**What is needed:**
The reply should hold every line of the listing exactly, and none of its images.

(Provided material)

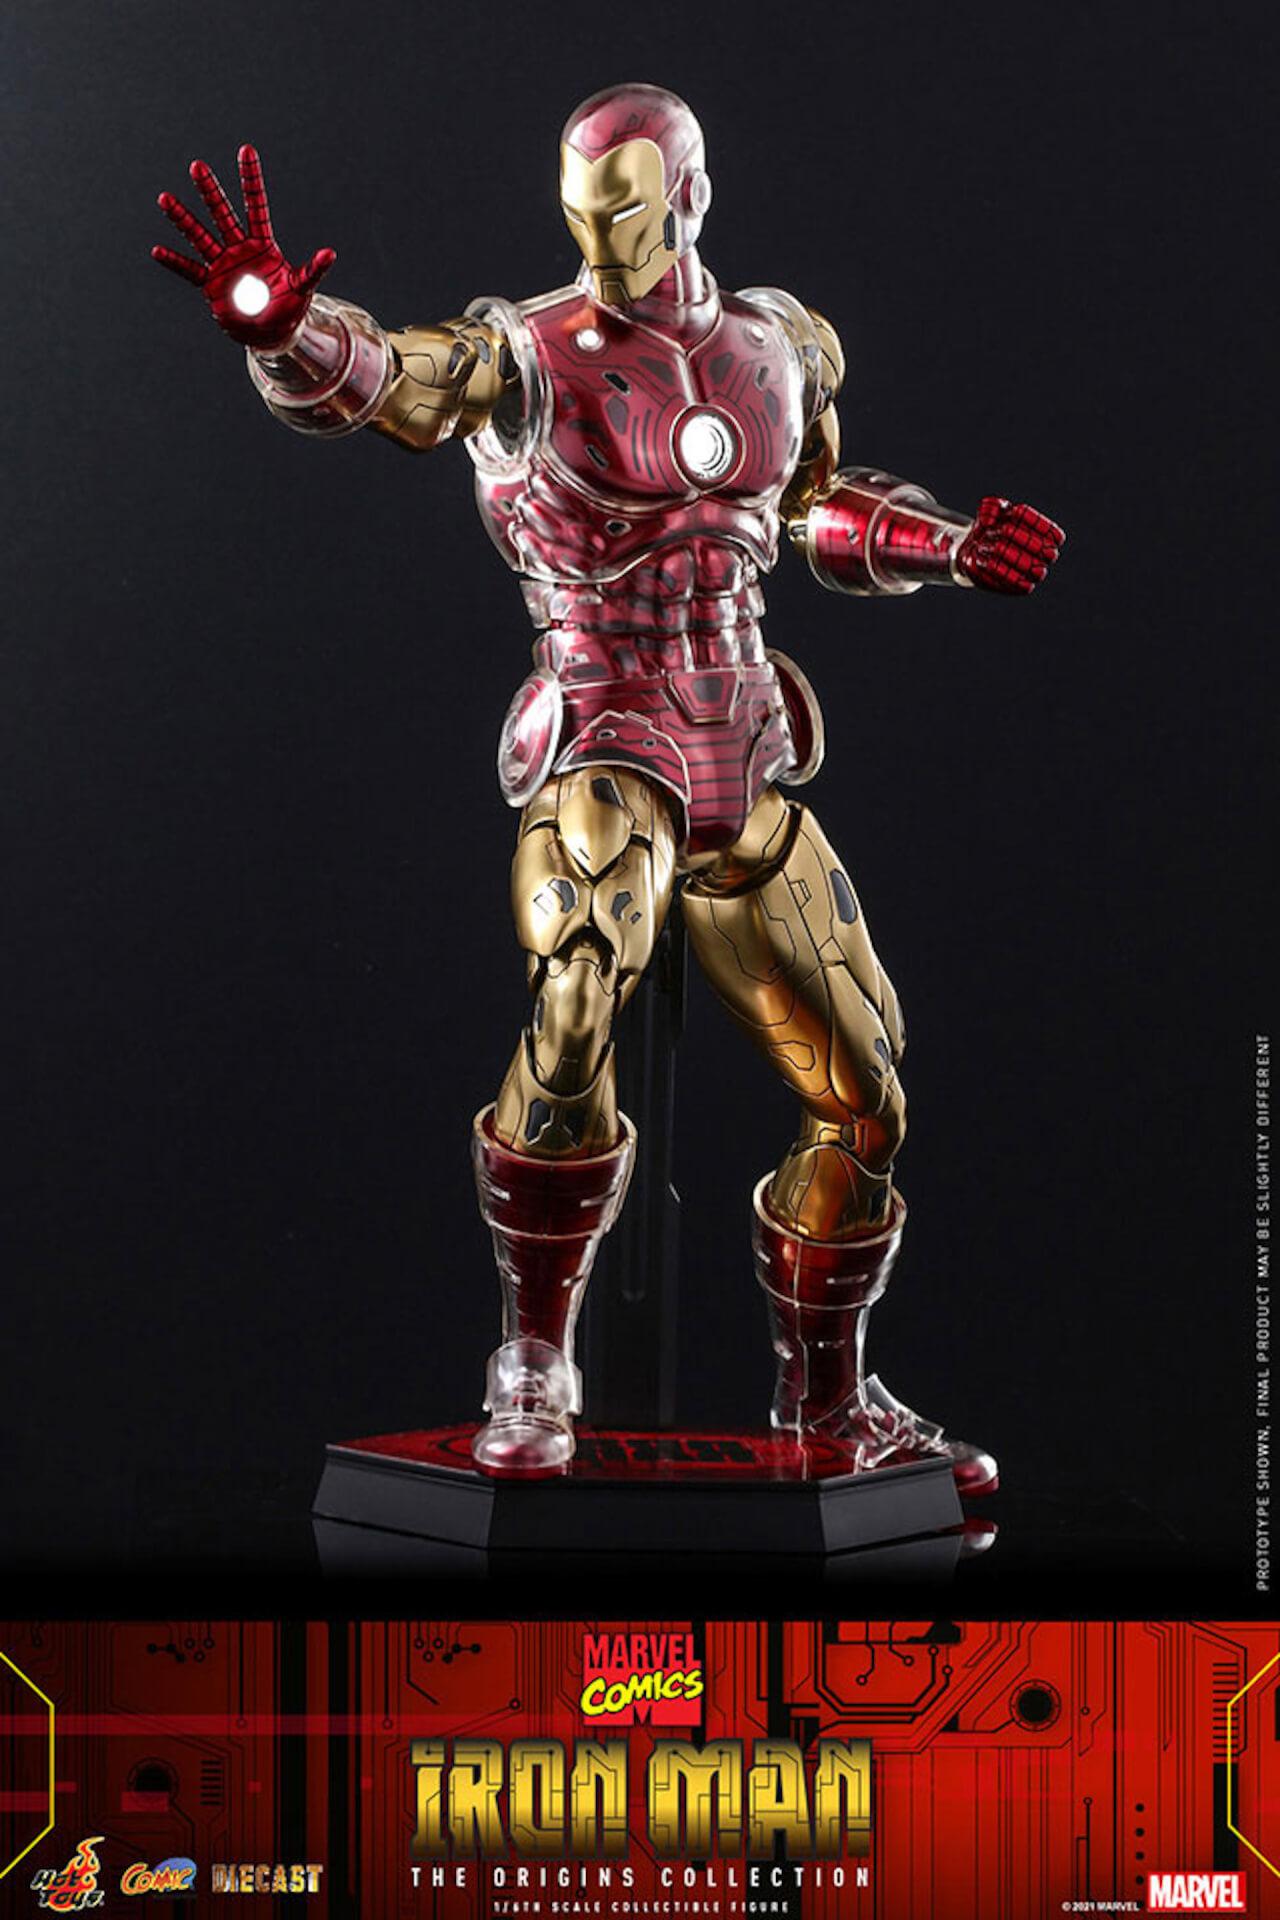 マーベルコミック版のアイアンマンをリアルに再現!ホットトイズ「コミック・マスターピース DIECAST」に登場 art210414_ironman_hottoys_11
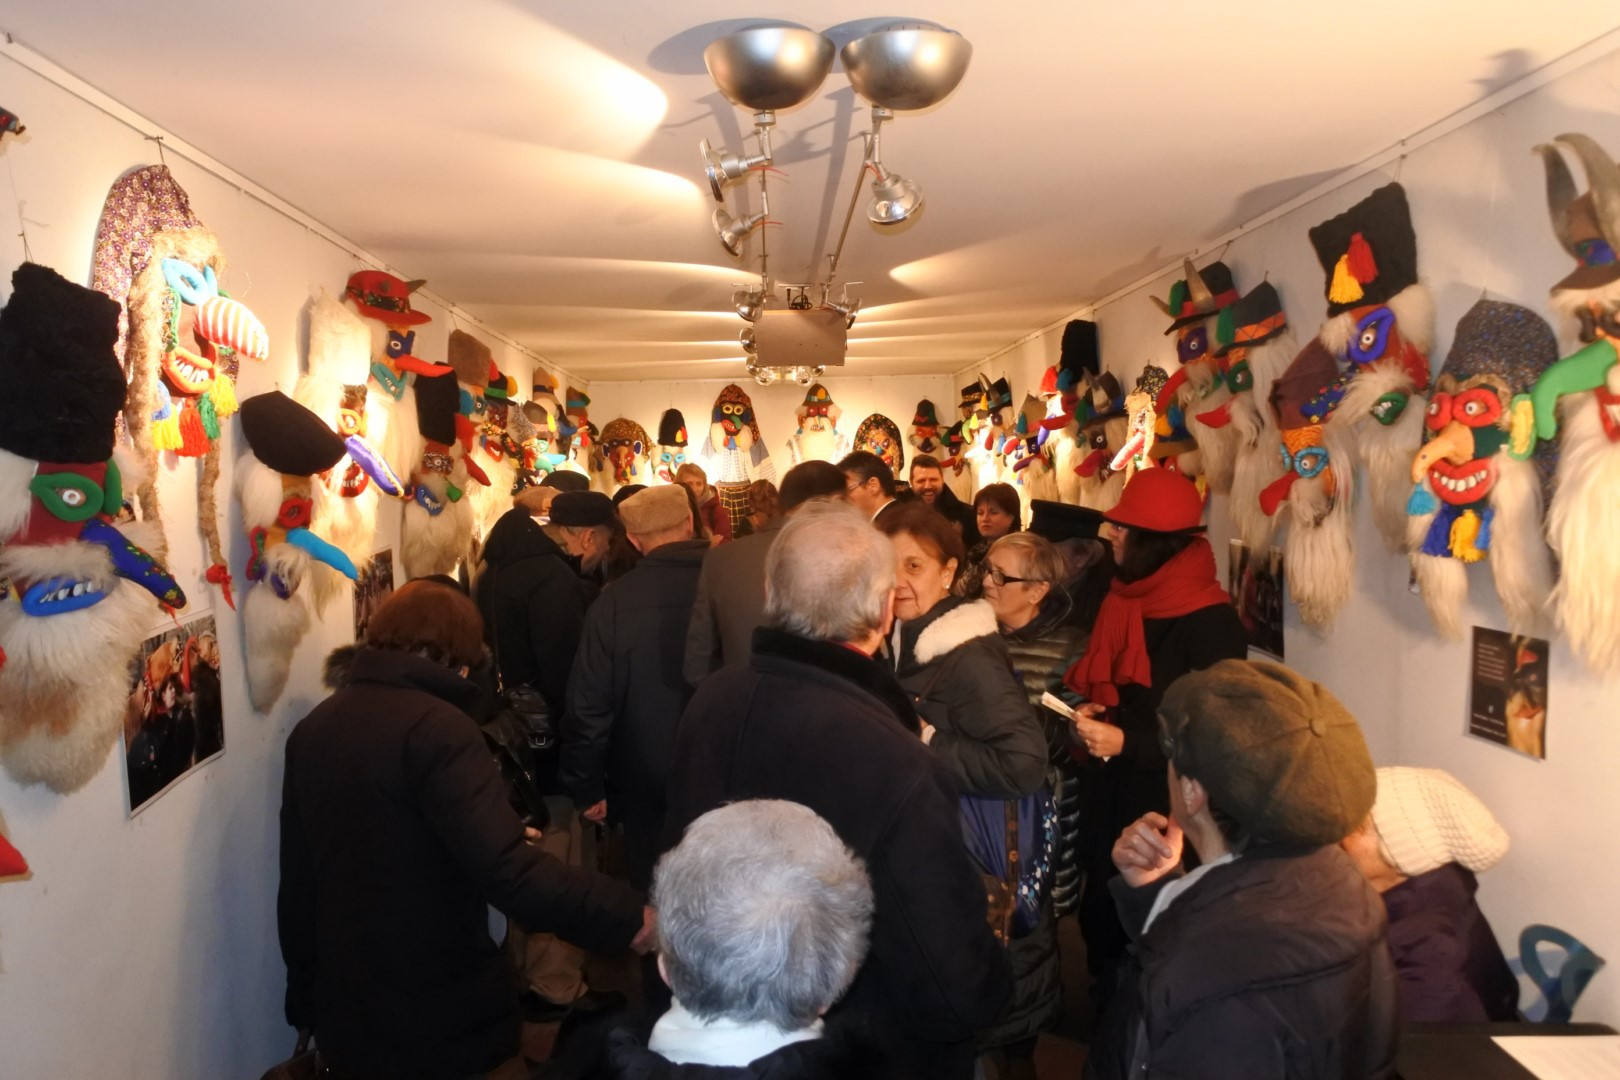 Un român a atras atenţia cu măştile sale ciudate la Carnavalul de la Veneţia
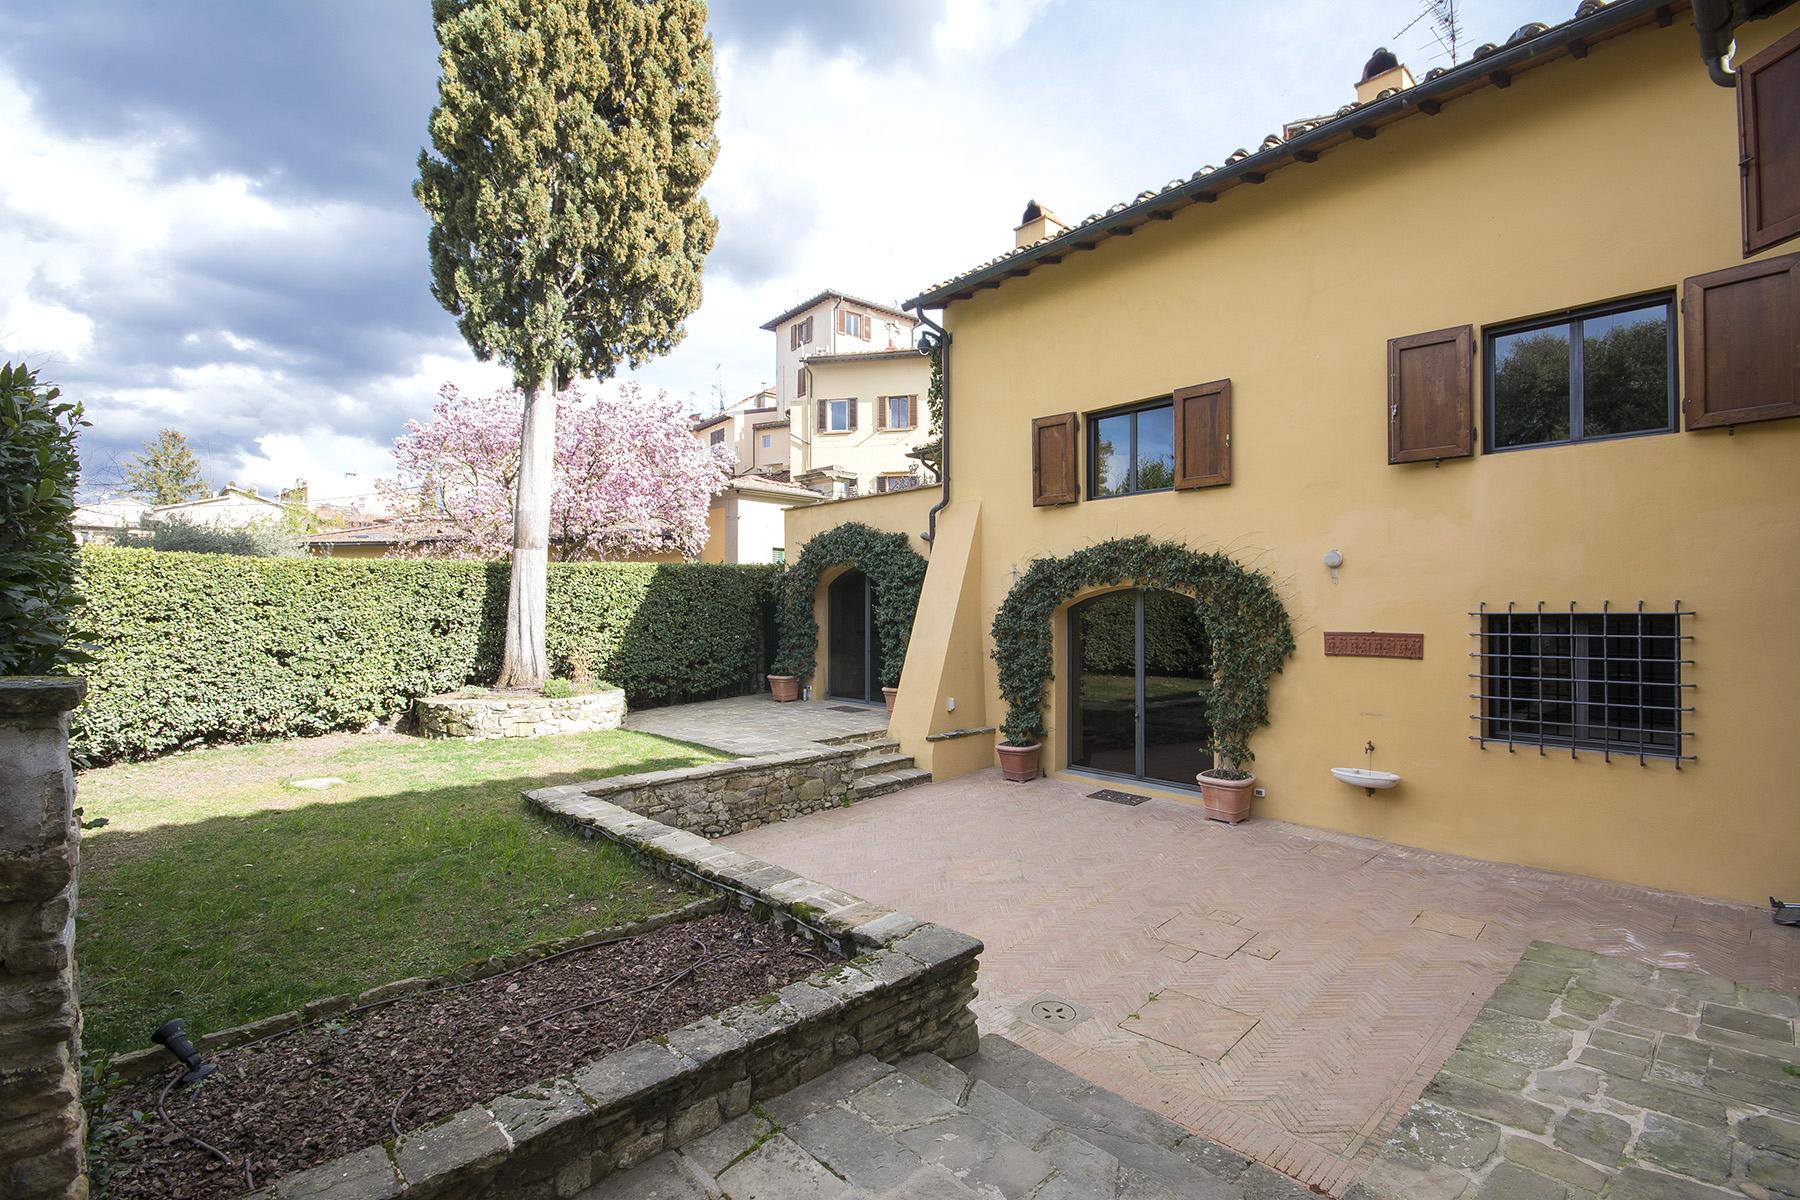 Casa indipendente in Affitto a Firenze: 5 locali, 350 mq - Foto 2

(End Provided material)

**Problem solution:**
 マーベルコミック版のアイアンマンをリアルに再現!ホットトイズ「コミック・マスターピース DIECAST」に登場 art210414_ironman_hottoys_11
 Un român a atras atenţia cu măştile sale ciudate la Carnavalul de la Veneţia
 Casa indipendente in Affitto a Firenze: 5 locali, 350 mq - Foto 2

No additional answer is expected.